Replication in E. coliwith two origins
Initiation of DNA synthesis occurring at multiple sites along a chromosome has been studied in E.coli by constructing a strain with two replication origins: the natural origin oriC and an ectopic origin oriZ, inserted 1 Mb away from the normal origin on the right replichore (Wang et al, 2011). Figure 3A shows the marker frequency profile (Rudolph et al, 2013) and the fitted model with assumption that both origins have identical properties. The fit to the experimental data is good, considering the simplicity of the model. However, the model shows some deviations from the marker frequency profile, in particular the peak heights and the slopes in the oriC and oriZ proximal region.

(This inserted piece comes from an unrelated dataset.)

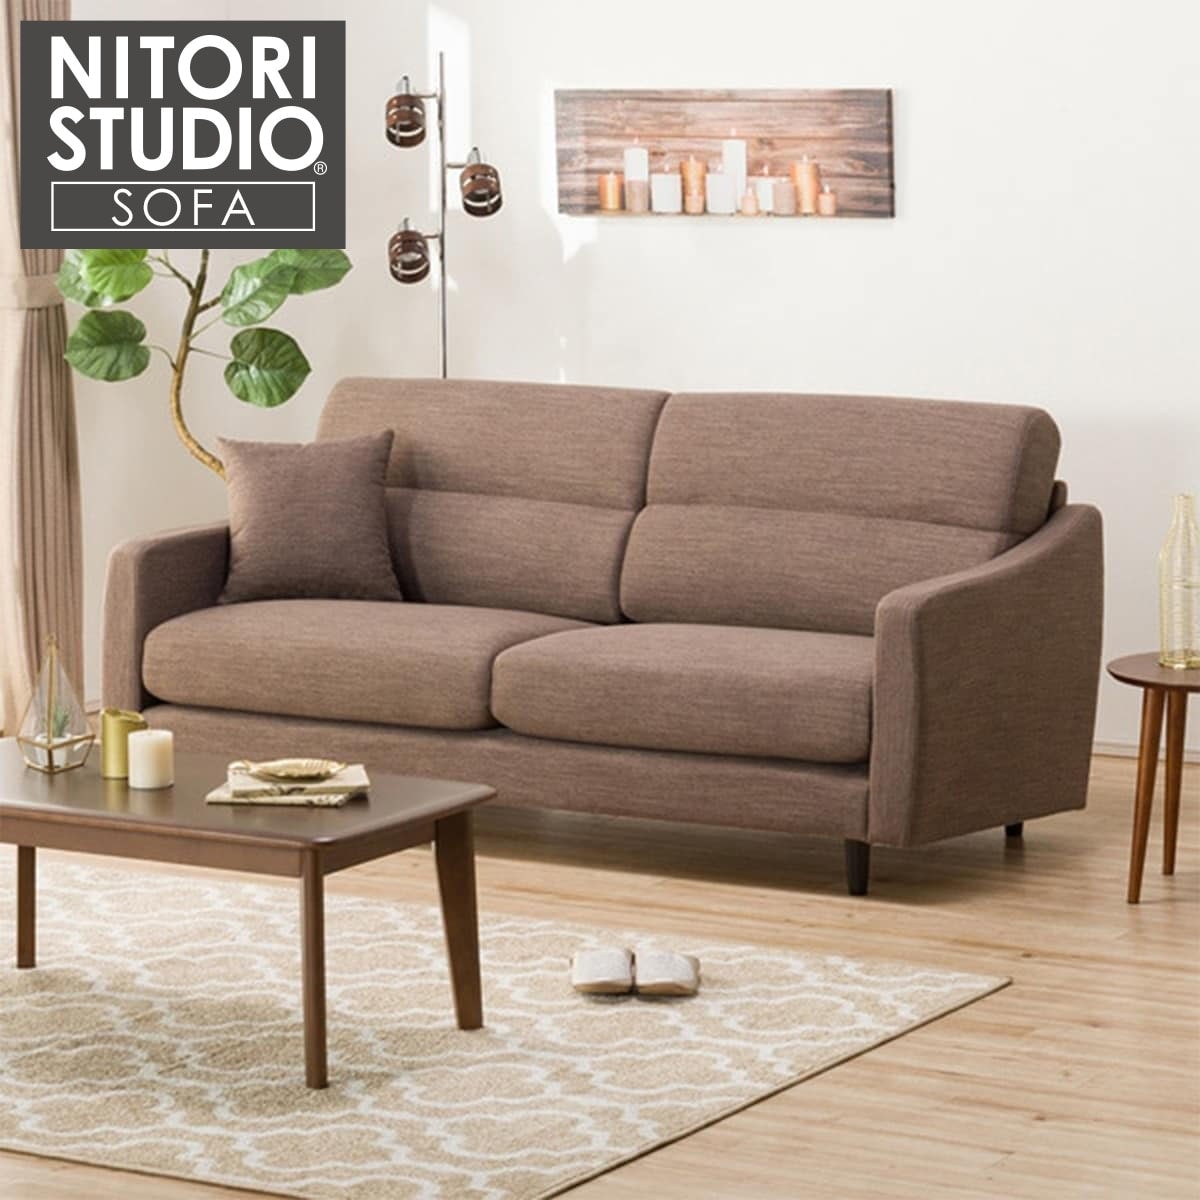 ニトリ ソファ NITORI 無印 MUJI IKEA unico ACME グレイ系 ソファ

In order to improve the fit, we refined our model to test our assumptions and gain biological insight into DNA replication in this two origin system. We allowed (i) forks to move with di˙erent velocities, and (ii) one of two origins to initiate earlier than the other. Our refined model gives a significantly better fit to the experimental data and provides evidence to support the following perturbations to DNA replication resulting from the addition of the ectopic origin (Fig 3B and C, Supplementary Fig S2). First, the model predicts that replication forks proximal to oriC and oriZ are slower than forks proximal to the termination site. A reduction in speed by 30% gave an significantly improved fit. The spatiotemporal representation indicates that fork velocity reduction occurs during times when there are twice as many forks compared to cells with a single origin (Fig 3C). Following the termination event between oriZ towards oriC the number of replication forks is comparable to that in wild-type cells and this is concomitant with a change to faster fork velocities. Second, the replication fork proceeding from oriZ towards oriC is further reduced in velocity (total 50% reduction relative to forks proximal to the termination site) and it is noteworthy that this fork is moving against the direction of highly transcribed genes. Third, one of the explanation for the di˙erence in peak heights in the oriC and oriZ proximal region (Supplementary Fig S3) may be that initiation at the ectopic origin occurs before initiation at the natural origin (population average δ = 0.06, i.e 6% of the time required to replicate the whole chromosome).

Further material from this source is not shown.